A Young Coaches’ Perspective: What They Don’t Tell You About Coaching

PHOTO COURTESY OF ALDERSON BROADDUS ATHLETICS


This story initially appeared on Behind the Whistle, the official blog of the IWLCA, and is being republished with permission from the organization. Paxton Boyer is the head coach at Alderson Broaddus University.

When you tell someone that you are a collegiate lacrosse coach, they almost always think that you just coach and that’s it — blow the whistle and then go home. No one outside of the coaching community understands the stress, excitement, frustration and everything else that comes with the job, unless they are a coach themselves.

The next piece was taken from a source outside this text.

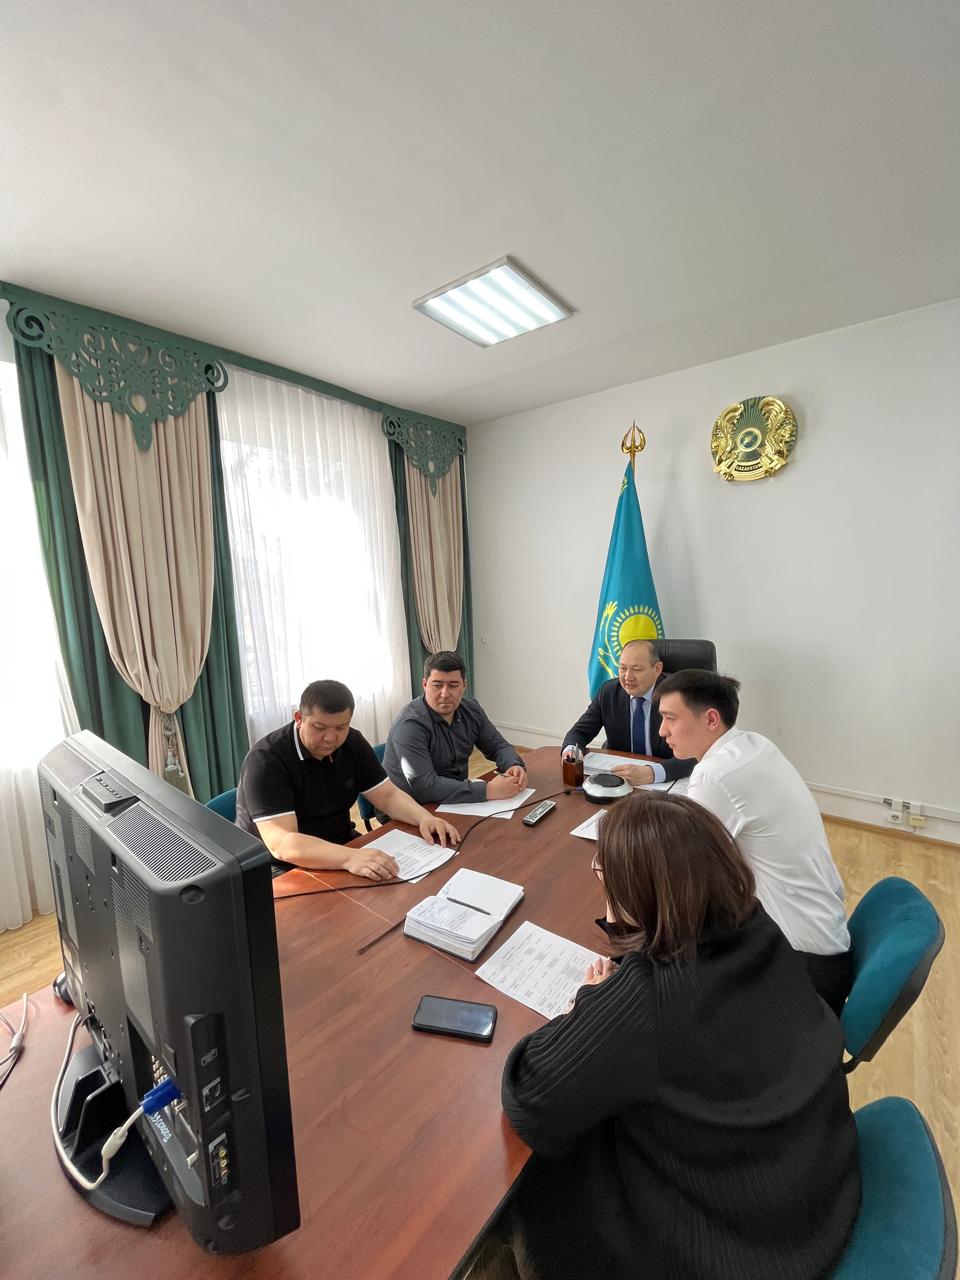 Проведено совещание с членами антитеррористической комиссии Павлодарского района где были обсуждены проблемные и насущные вопросы

So, what don’t they tell you when you get hired or sign up to coach?

You will wear innumerable hats.

You are the go between (Go between? What does that mean?) for your student-athletes when it comes to financial aid, compliance and academics. You will have to balance practice planning, travel itineraries, scouting reports, prospect visits, phone calls, budgets and so much more.

You are a mentor and a role model for your student-athletes. You help set them up for success via academic check-ins, running library study hours and sometimes even tutor them yourself. When they are on campus, you are the adult figure in their lives that they can trust to talk about things. You are their shoulder to lean on.







They don’t tell you that the love and passion you have for your student-athletes will become more of a priority than winning games. They don’t tell you that you will feel everything they are going through when they experience trials and adversity.

They don’t tell you that seeing them succeed on and off the field will bring you the greatest joy in the world.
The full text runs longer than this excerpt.